We have planned a series of enhancements and additions to RISSK, which are maintained as issues. They can be categorized into the following broad areas:
- Deploy RISSK:
- Expand its application across diverse survey types and contexts.
- Actively seek feedback to refine the tool, address bugs, and gather more evidence on its efficacy.
- Improve usability:
- Introduce wrapper functions and enhance documentation to simplify its usage for new users.
- Provide additional outputs, including standardized summary reports and dashboards.
- Refine methodology:
- Minimize both false positives and negatives to bolster the reliability of the tool.
- Experiment with feature engineering, score design, and aggregation methods with more testing data.
- Make RISSK learn:
- Develop standardized framework for users to record review/verification outcome.

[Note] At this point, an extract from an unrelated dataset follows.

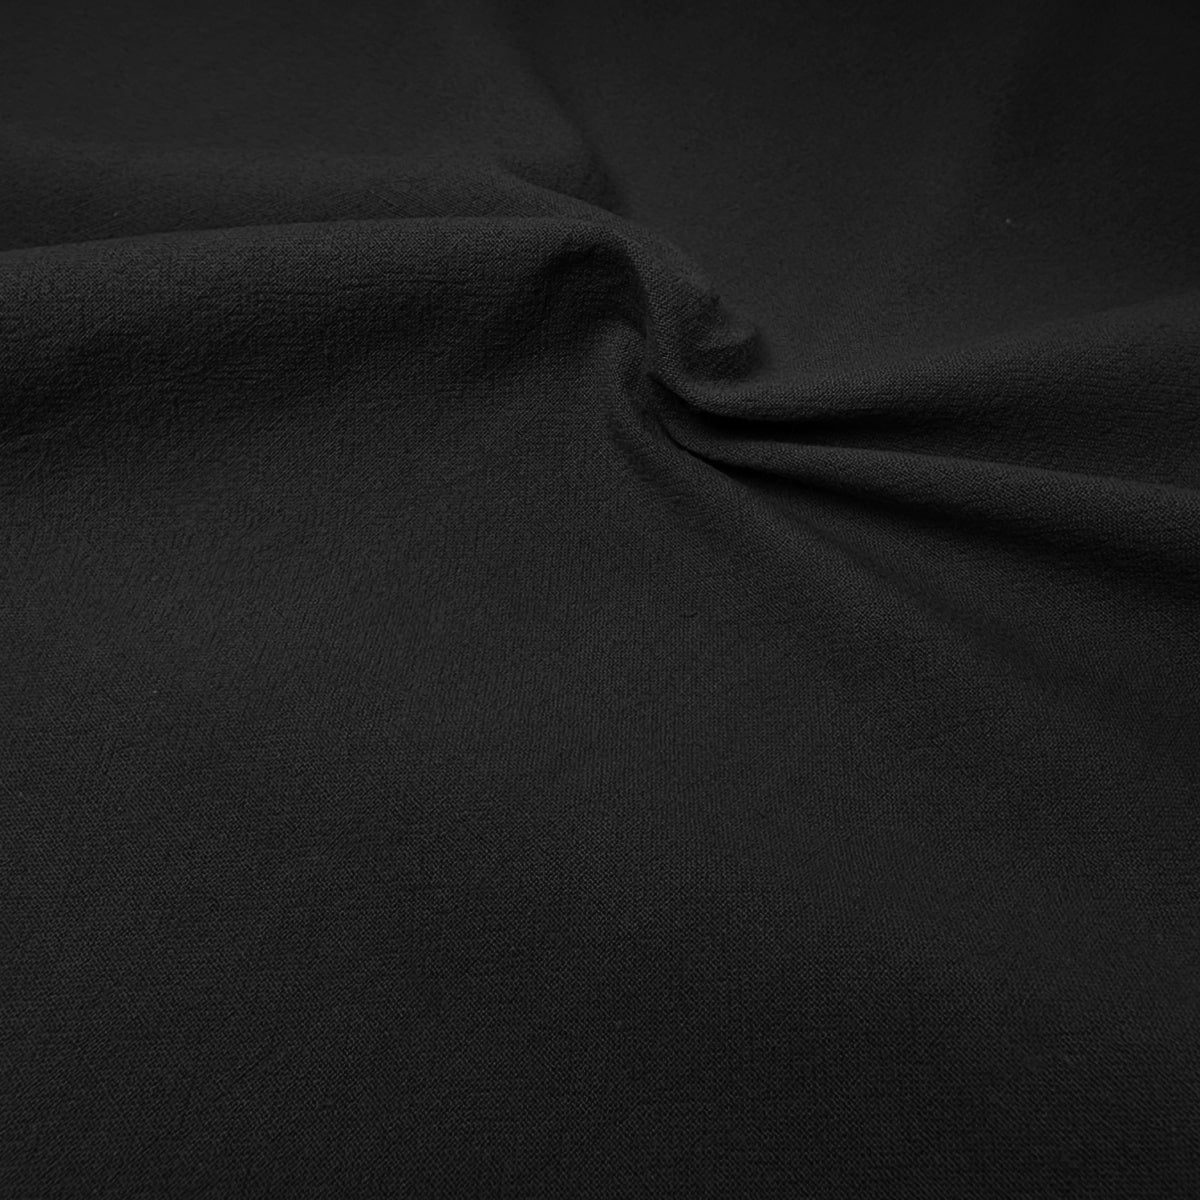 Crumple Cotton Fabric | Black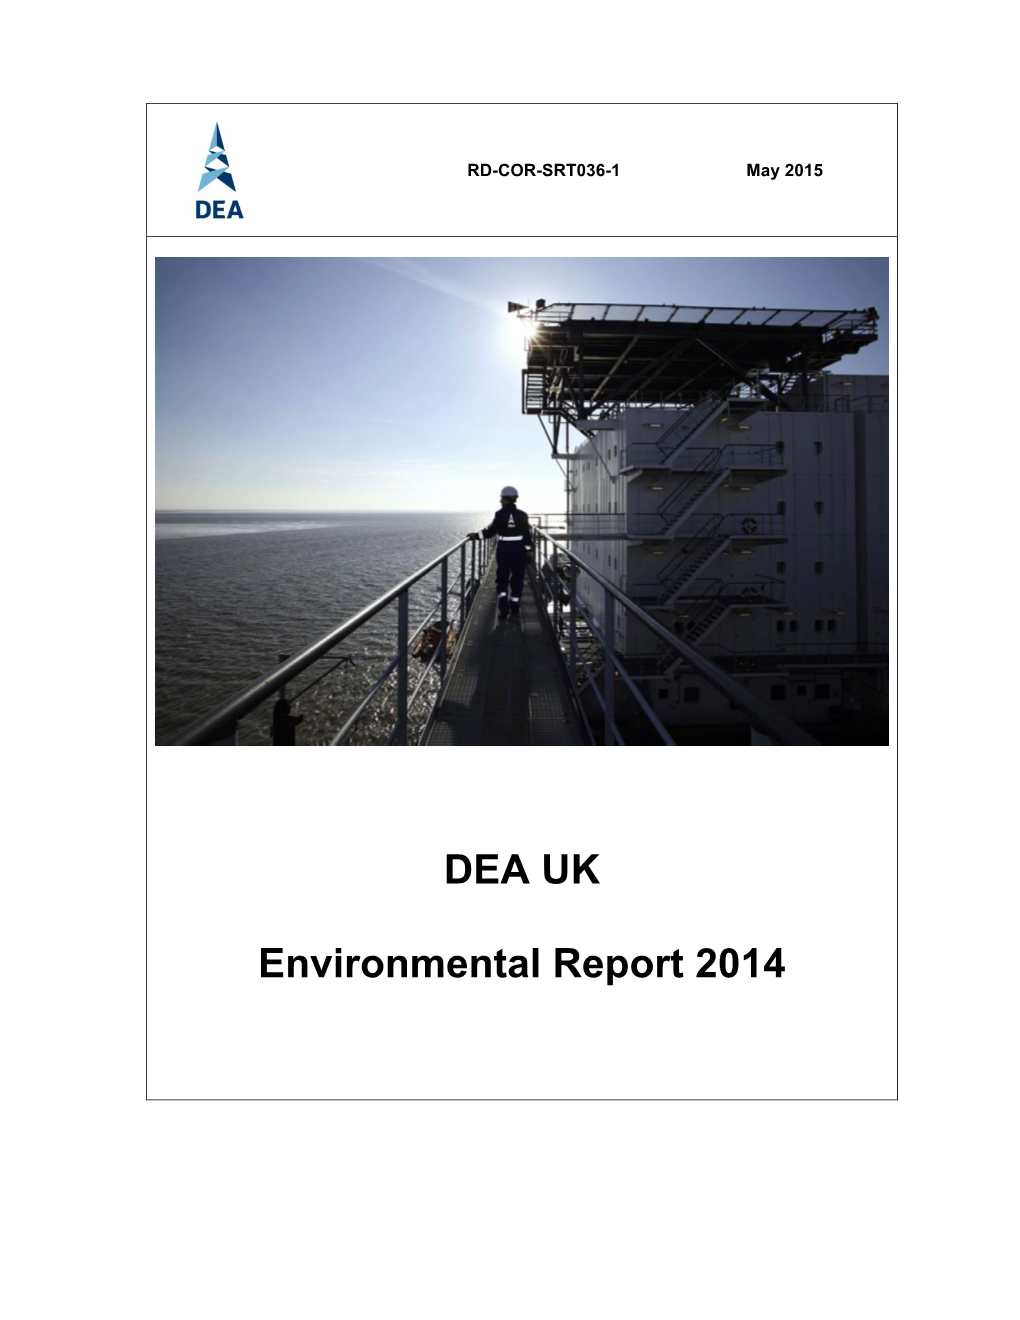 DEA UK Environmental Report 2014

- Produce an anonymized output format, allowing users to share data that can help refine RISSK's algorithms.
- For individual surveys: Establish a feedback loop enabling RISSK to adapt based on previous verification outcomes.
- Across different surveys: With standard verification outcome and access to more testing data, alternative methodologies can be explored, such as training neural networks, to enhance RISSK's prediction accuracy.